# Up to date fuel prices



## Rapide561 (Oct 1, 2005)

Hi

Here are some up to date fuel prices for Europe

France - petrol station very close to Tunnel - 1.24 euro per litre ' did not get any!

France - motorway average - 1.12 Euro

Belgium - motorway average - 1.02 Euro

Luxembourg - 0.867 Euro

Switzerland motorway - 1.82 Swiss francs.

Hope this is some use to someone!

Rapide561


----------



## geraldandannie (Jun 4, 2006)

Thanks, Russell. It's nice to see good old Luxembourg still the cheapest in north-western Europe :wink: Worth knowing if you're heading that way with a big tank.

Gerald


----------



## richard863 (May 1, 2005)

Hi All 
To the prices add Germany average €1.16 motorway diesel. 
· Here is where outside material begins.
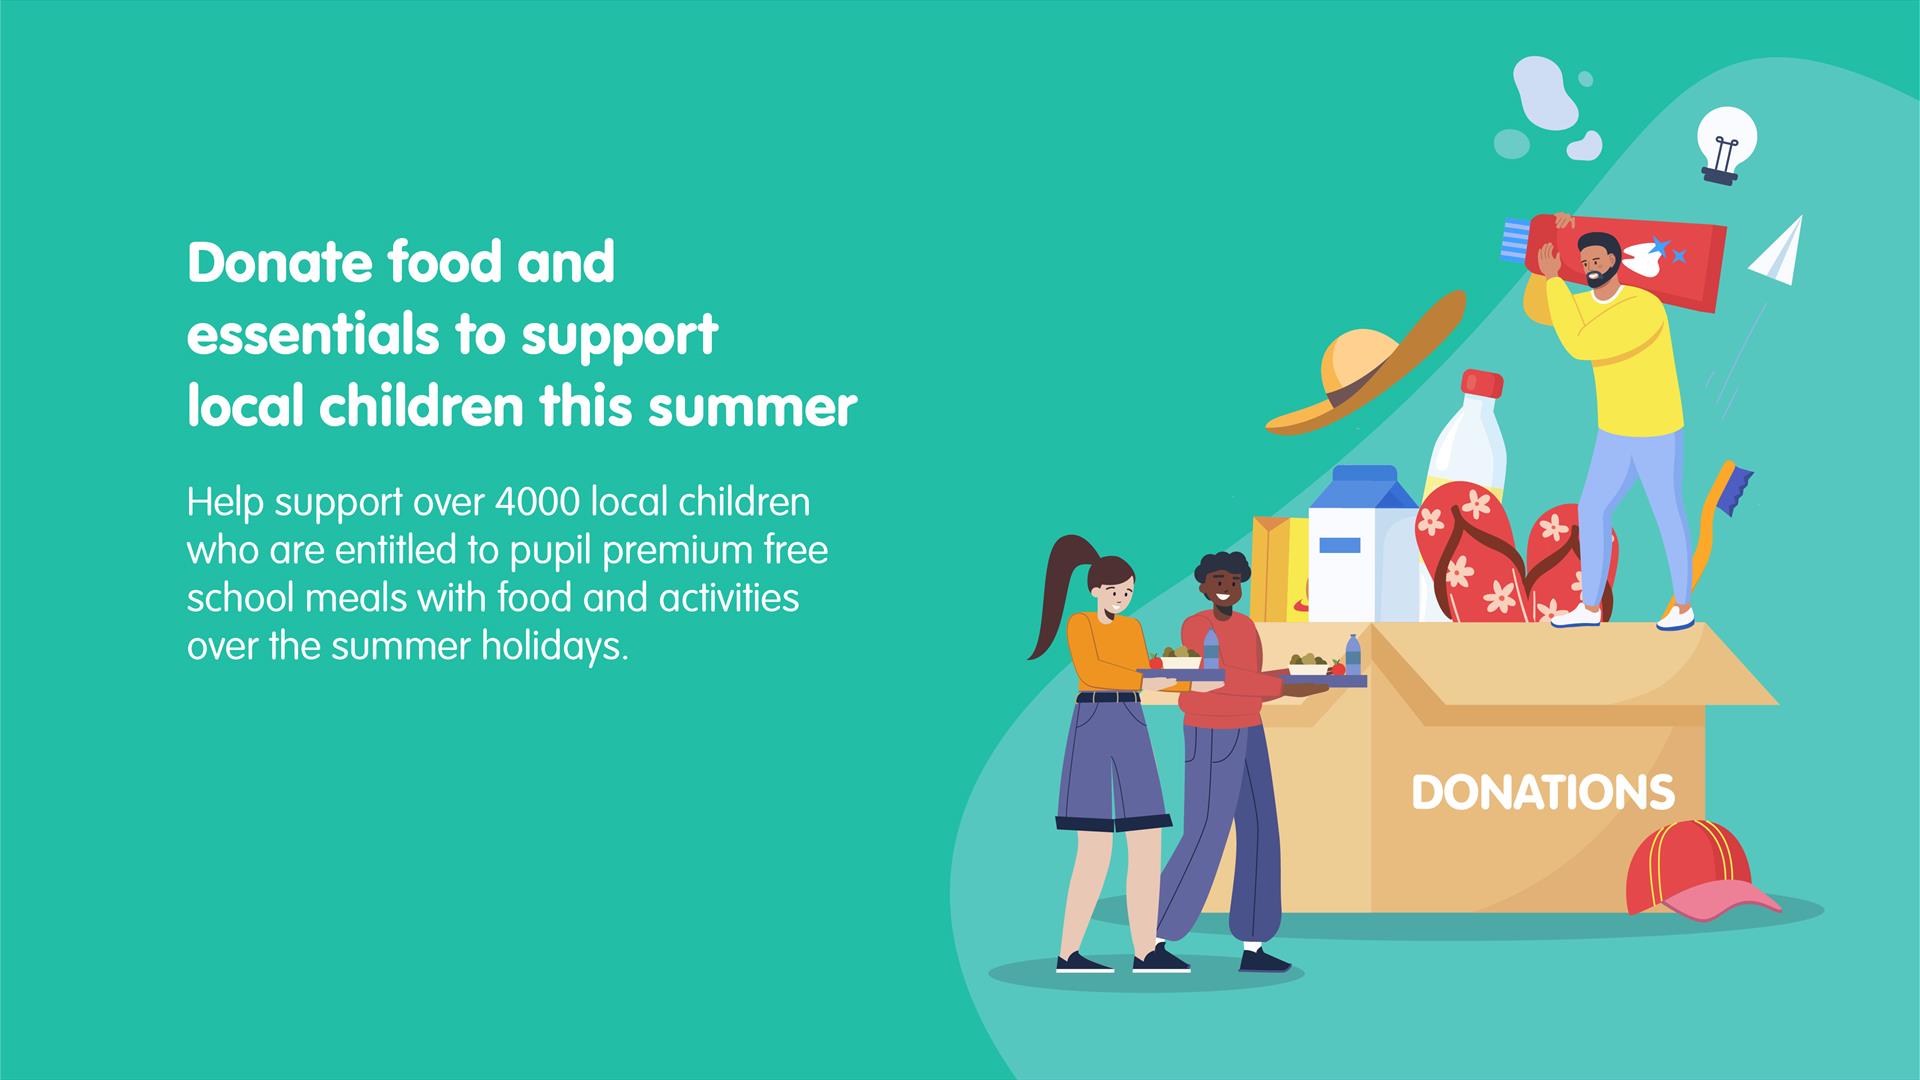 Graphic illustration of a food donation box with food items and two children with trays of lunch food
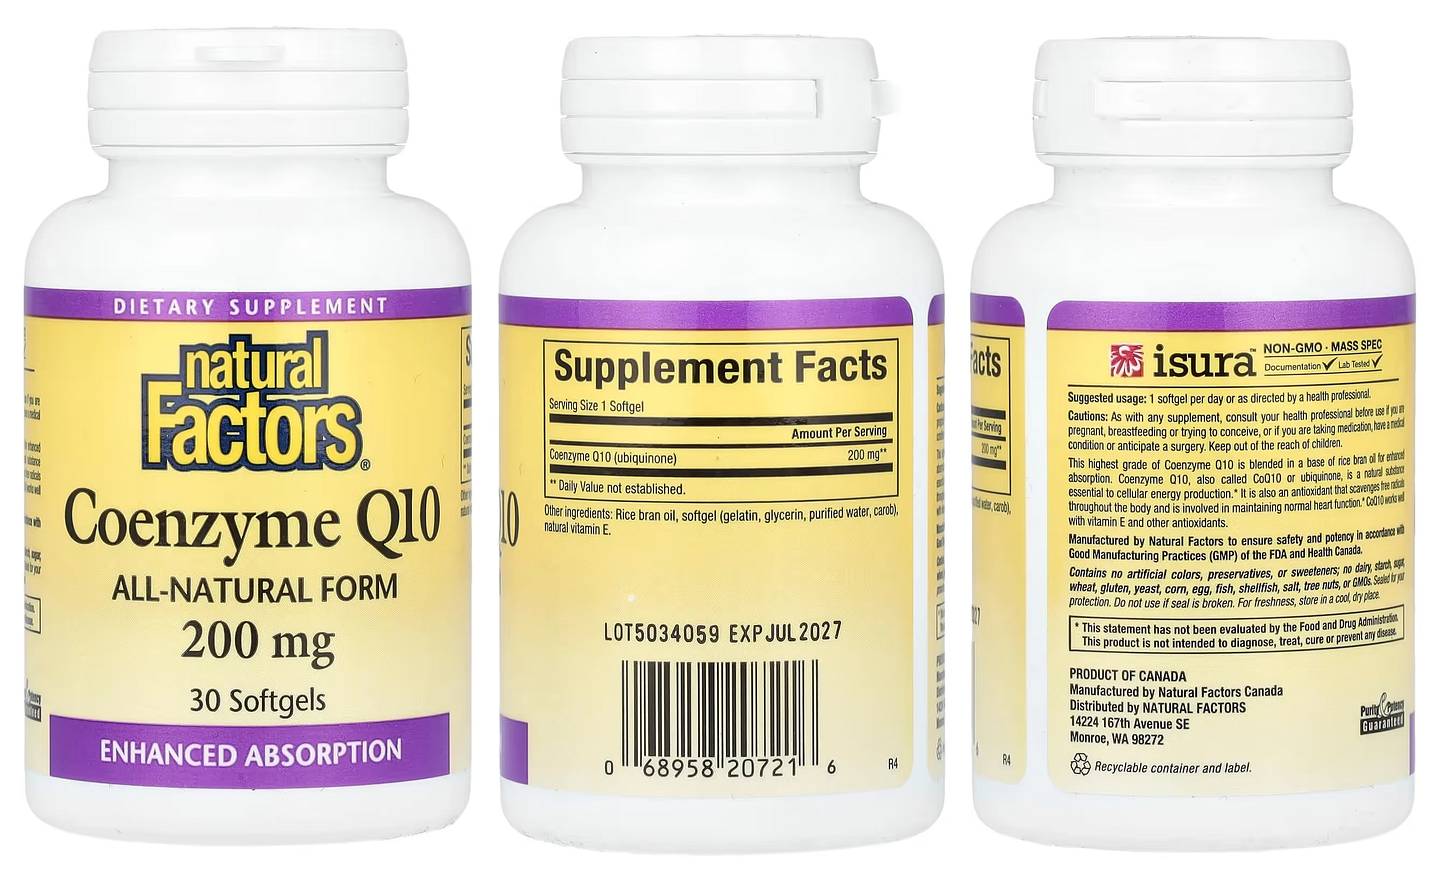 Natural Factors, Coenzyme Q10 packaging

Rapede561 Where did you find that price in Luxembourg? I have just filled up on the first station over the Luxembourg border on the motorway in from Trier & it was €0.989 only 4 cents cheaper than Belgium, and 6 cents cheaper than petrol, it was 1 cent cheaper in Luxembourg city. I noticed on the road out to Liege it was the same price as going in. I was horrified at their increase in the last six months. 
My next trip I will go from Koblenz north and join the Koln/Aachen to Liege. 
Kind regards


----------



## MikeE (May 1, 2005)

Thanks, useful info. We're off to France, Spain and Portugal shortly, does anybody have info on range of diesel prices in Spain and Portugal?

Mike


----------



## geraldandannie (Jun 4, 2006)

There was a link on MHF to a Euro fuel price table on the AA, I think. I can't find it right now, but I found ** this ** via google. You can also check fluctuation over the past few years, which is kinda interesting :?

Gerald


----------



## 100480 (Aug 12, 2006)

This is a link to the French government website that shows all fuel prices allover France. Apparently all French fuel stations have to have there prices on here.

Fuel Prices


----------



## Rapide561 (Oct 1, 2005)

*Lux*

Hi

It was the BP garage in Luxembourg - the first services when arriving from Belgium. It is called BP Capellen.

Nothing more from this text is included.